If you are new to this system, please see the following resources:

  • TACC user guide

  • Batch system: Slurm

  • Jupyter service

  • Filesystem directories:

    • $HOME: per-user home directory, backed up (10 GB)

    • $WORK: per-user production directory, not backed up, not purged, Lustre (1 TB)

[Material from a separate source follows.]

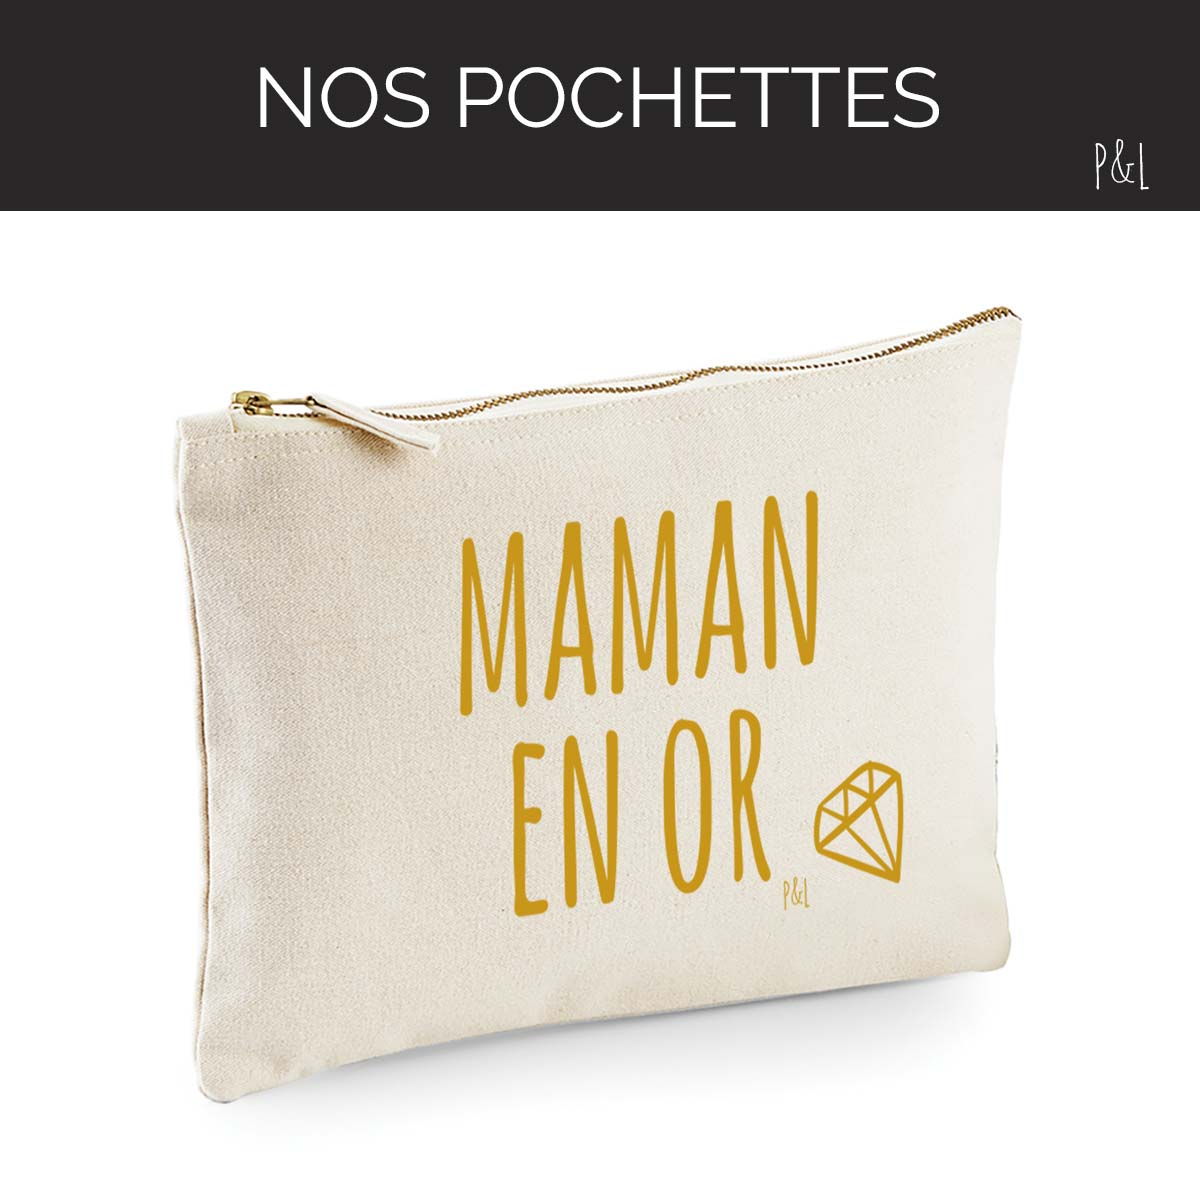 Pochette, Trousse by Pilou et Lilou

    • $SCRATCH: per-user production directory, not backed up, purged every 10 days, Lustre (no limits, 8PByte total)

Installation

Use the following commands to download the WarpX source code and switch to the correct branch:

git clone https://github.com/BLAST-WarpX/warpx.git $WORK/src/warpx

We use system software modules, add environment hints and further dependencies via the file $HOME/lonestar6_warpx_a100.profile. Create it now:

cp $HOME/src/warpx/Tools/machines/lonestar6-tacc/lonestar6_warpx_a100.profile.example $HOME/lonestar6_warpx_a100.profile
Script Details
# please set your project account
#export proj="<yourProject>"  # change me

# required dependencies
module purge
module load TACC
module load gcc/11.2.0
module load cuda/12.2
module load cmake
module load mvapich2

# optional: for QED support with detailed tables
module load boost/1.84

# optional: for openPMD and PSATD+RZ support
module load phdf5/1.10.4

SW_DIR="${WORK}/sw/lonestar6/sw/lonestar6/a100"
export CMAKE_PREFIX_PATH=${SW_DIR}/c-blosc-1.21.1:${CMAKE_PREFIX_PATH}
export CMAKE_PREFIX_PATH=${SW_DIR}/adios2-2.10.2:${CMAKE_PREFIX_PATH}
export CMAKE_PREFIX_PATH=${SW_DIR}/blaspp-2024.05.31:${CMAKE_PREFIX_PATH}
export CMAKE_PREFIX_PATH=${SW_DIR}/lapackpp-2024.05.31:${CMAKE_PREFIX_PATH}

export LD_LIBRARY_PATH=${SW_DIR}/c-blosc-1.21.1/lib64:$LD_LIBRARY_PATH
export LD_LIBRARY_PATH=${SW_DIR}/adios2-2.10.2/lib64:$LD_LIBRARY_PATH
export LD_LIBRARY_PATH=${SW_DIR}/blaspp-2024.05.31/lib64:$LD_LIBRARY_PATH
export LD_LIBRARY_PATH=${SW_DIR}/lapackpp-2024.05.31/lib64:$LD_LIBRARY_PATH

export PATH=${SW_DIR}/adios2-2.10.2/bin:${PATH}

# optional: CCache
#module load ccache  # TODO: request from support

# optional: for Python bindings or libEnsemble
module load python3/3.9.7

if [ -d "$WORK/sw/lonestar6/a100/venvs/warpx-a100" ]
then
  source $WORK/sw/lonestar6/a100/venvs/warpx-a100/bin/activate
fi

# an alias to request an interactive batch node for one hour
#   for parallel execution, start on the batch node: srun <command>
alias getNode="salloc -N 1 --ntasks-per-node=2 -t 1:00:00 -p gpu-100 --gpu-bind=single:1 -c 32 -G 2 -A $proj"
# an alias to run a command on a batch node for up to 30min
#   usage: runNode <command>
alias runNode="srun -N 1 --ntasks-per-node=2 -t 0:30:00 -p gpu-100 --gpu-bind=single:1 -c 32 -G 2 -A $proj"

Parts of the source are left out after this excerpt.